In [None]:
# 安裝必要庫
!pip install emcee

# 導入庫
import numpy as np
import emcee
import matplotlib.pyplot as plt
import pandas as pd
from scipy import stats
from google.colab import files

"""
Dependencies:
- numpy==1.23.5
- emcee==3.1.4
- matplotlib==3.7.1
- pandas==2.0.3
- scipy==1.10.1
Data: SPARC dataset (Lelli et al. 2016), available at http://astroweb.cwru.edu/SPARC/
"""

# 上傳數據並讀取
uploaded = files.upload()
column_names = ['galaxy_id', 'rad[kpc]', 'vobs[km/s]', 'errv[km/s]', 'mass[M_sun]']
sparc_data = pd.read_csv(list(uploaded.keys())[0], sep='\s+', names=column_names, skiprows=0)
galaxy_ids = sparc_data['galaxy_id'].unique()

# 基本常數與模型定義
G = 6.674e-11         # 萬有引力常數 (m^3 kg^-1 s^-2)
M_sun = 1.989e30      # 太陽質量 (kg)
kpc_to_m = 3.085e19   # 1 kpc 轉換為 m
a0 = 1.2e-10          # MOND 加速度常數 (m/s^2)

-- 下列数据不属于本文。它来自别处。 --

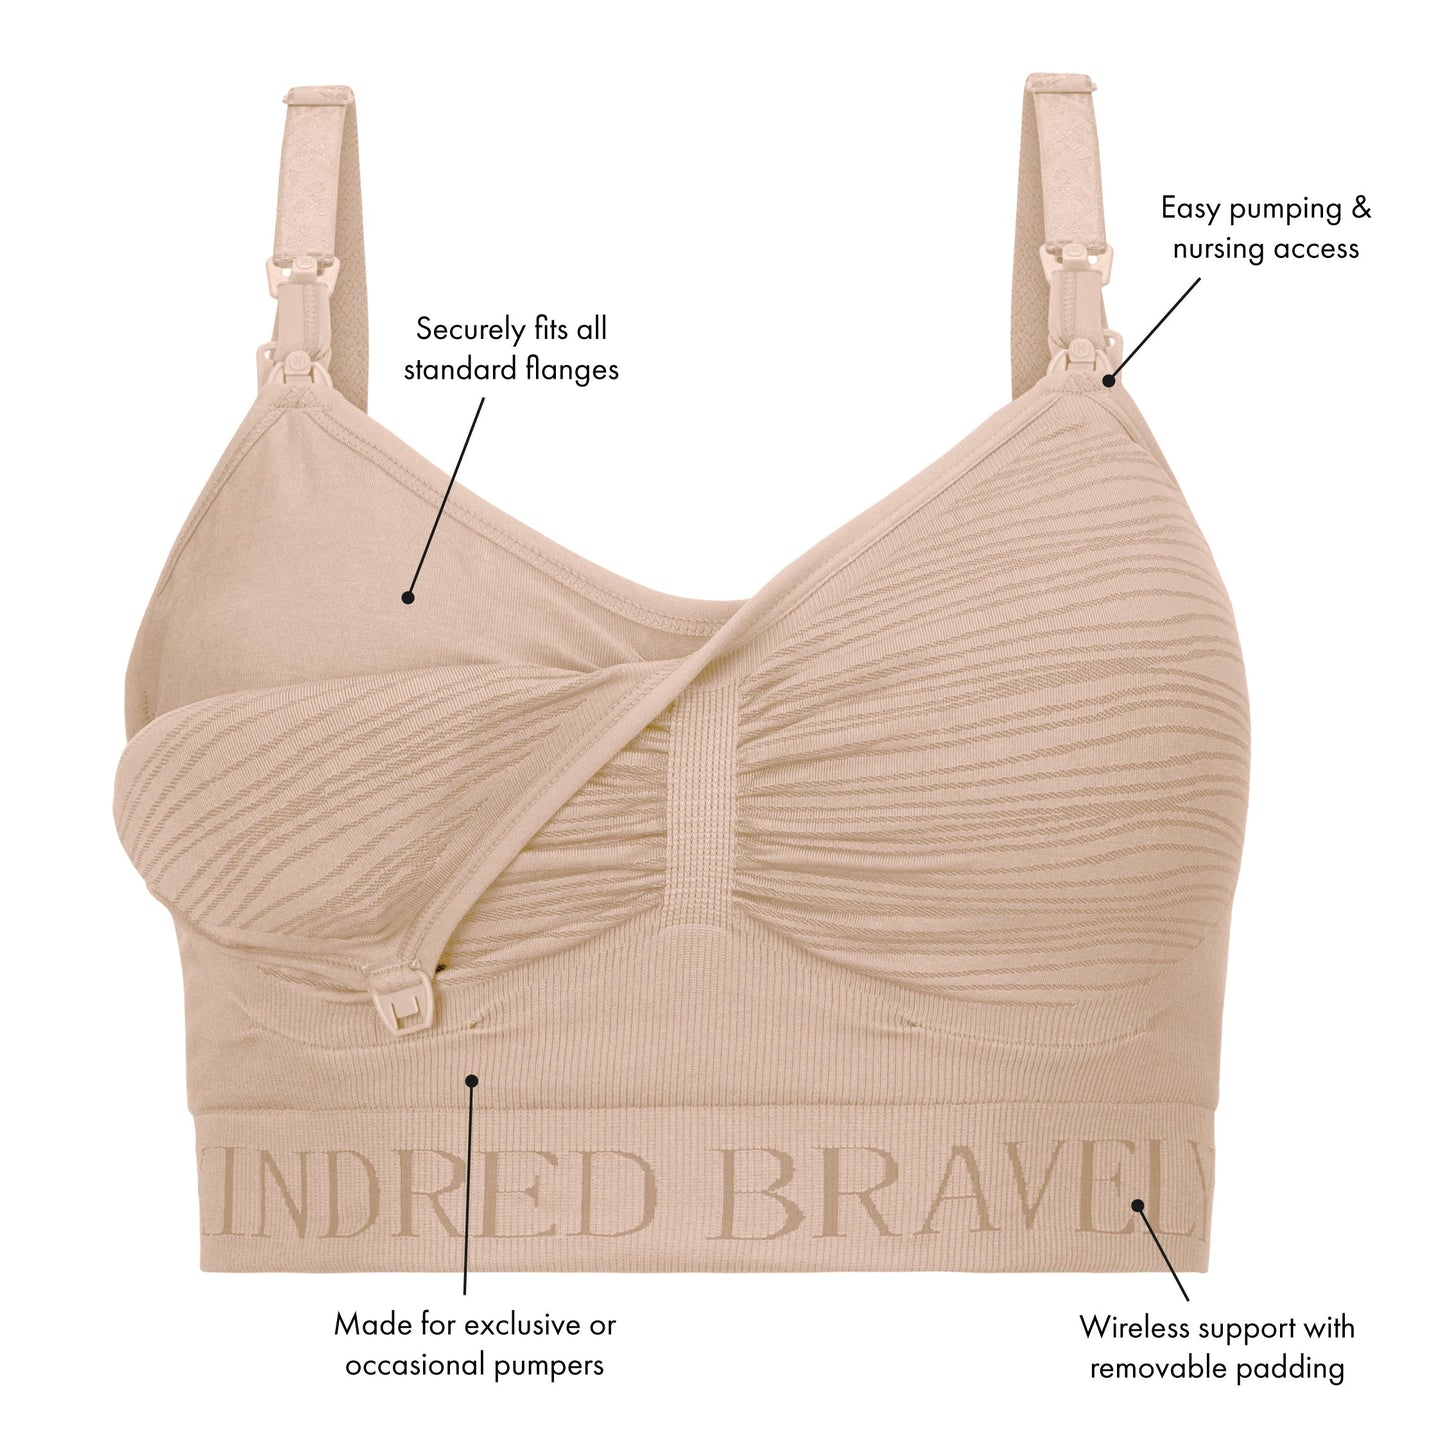 Diagram of a Sublime® Hands-Free Pumping & Nursing Bra - Super Busty in Beige showing the easy pumping & Nursing access and the wireless support. 
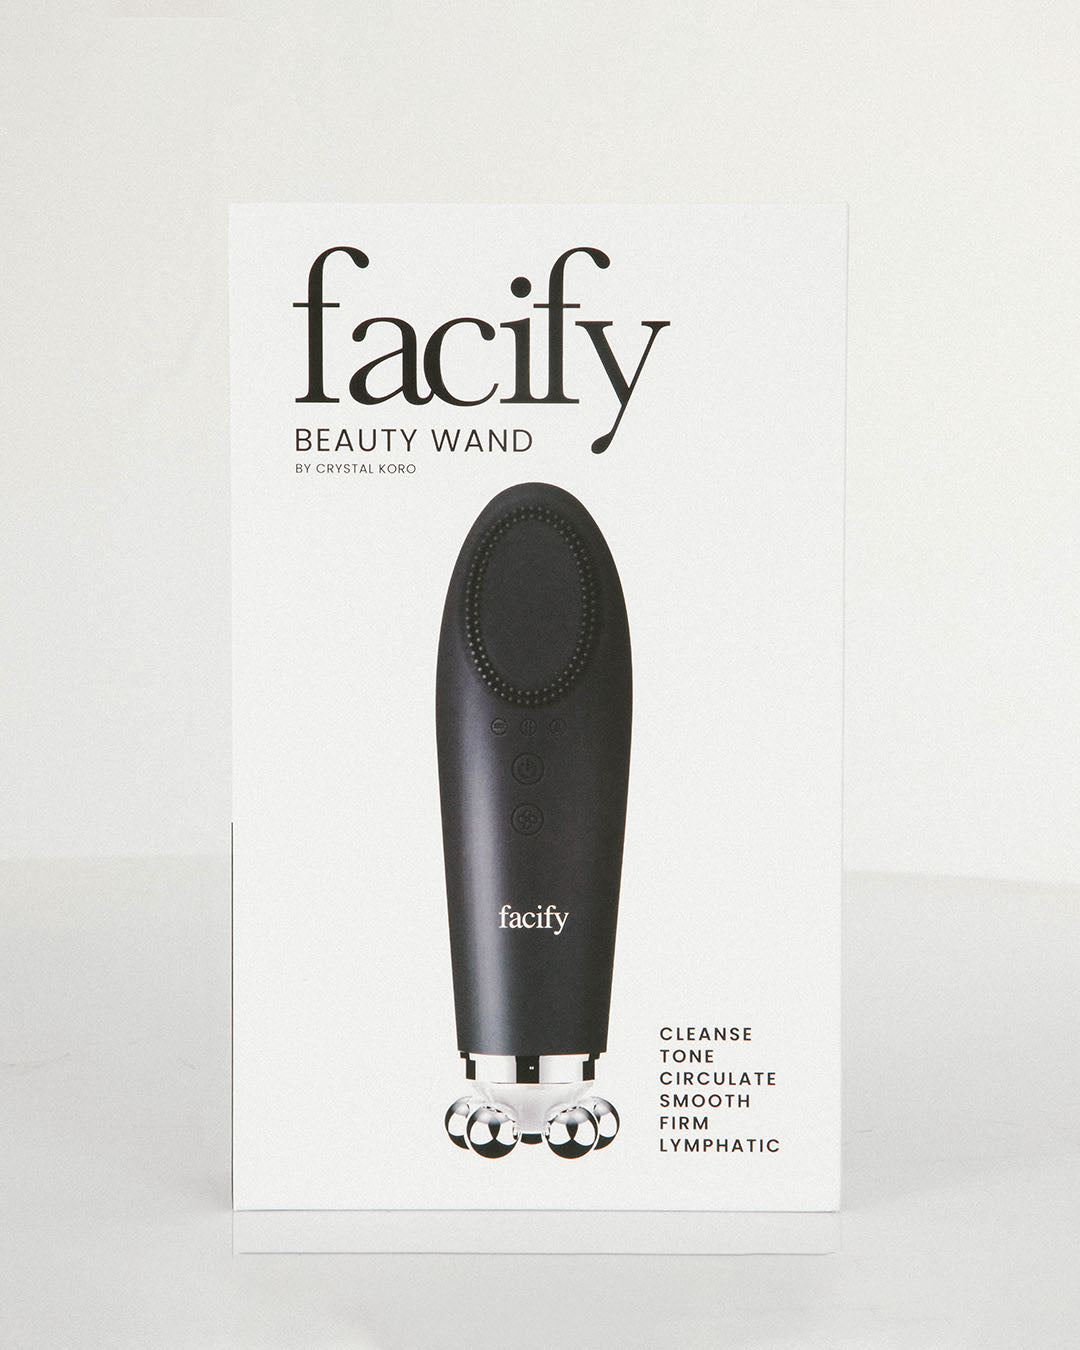 product packaging of the facify beauty wand device box

# ----------------------------
# 修正後的四元數模型 (簡化版, 移除 0.5)
# ----------------------------
def rotation_curve_quat_simple(r_kpc, M_solar, rs_kpc, epsilon):
    """
    修正後的四元數模型（簡化版）:
      v(r) = sqrt[ (G*M_solar*M_sun*(1 - exp(-r_m/rs_m)) / r_m)
                   + (epsilon * (r_m / rs_m)) ]
    其中：
      - r_kpc 與 rs_kpc 以 kpc 為單位，實際計算轉為 m
      - M_solar 為重子質量 (單位：M_sun)
      - epsilon 為幾何修正耦合常數 (不再乘上 0.5)
    返回值最終轉為 km/s。
    """
    r_m = r_kpc * kpc_to_m
    rs_m = rs_kpc * kpc_to_m

    # 基於指數盤面的重子貢獻
    v_baryon = np.sqrt(G * M_solar * M_sun * (1 - np.exp(-r_m / rs_m)) / r_m)
    # 幾何修正項：移除「0.5」因子
    correction = epsilon * (r_m / rs_m)
    v_total = np.sqrt(v_baryon**2 + correction)
    return v_total * 1e-3  # 轉換為 km/s

# ----------------------------
# ΛCDM 模型（保持不變）
# ----------------------------
def rotation_curve_LCDM(r_kpc, M_solar, rs_kpc, M_dm, rs_dm):
    r_m = r_kpc * kpc_to_m
    v_baryon = np.sqrt(G * M_solar * M_sun / r_m)
    v_dm = np.sqrt(G * M_dm * M_sun * (1 - np.exp(-r_m / (rs_dm * kpc_to_m))) / r_m)
    return np.sqrt(v_baryon**2 + v_dm**2) * 1e-3  # km/s

def rotation_curve_LCDM_fixed(r_kpc, M_solar, rs_kpc):
    true_f_DM  = 10.0
    true_rs_DM = 15.0
    M_dm = M_solar * true_f_DM
    return rotation_curve_LCDM(r_kpc, M_solar, rs_kpc, M_dm, true_rs_DM)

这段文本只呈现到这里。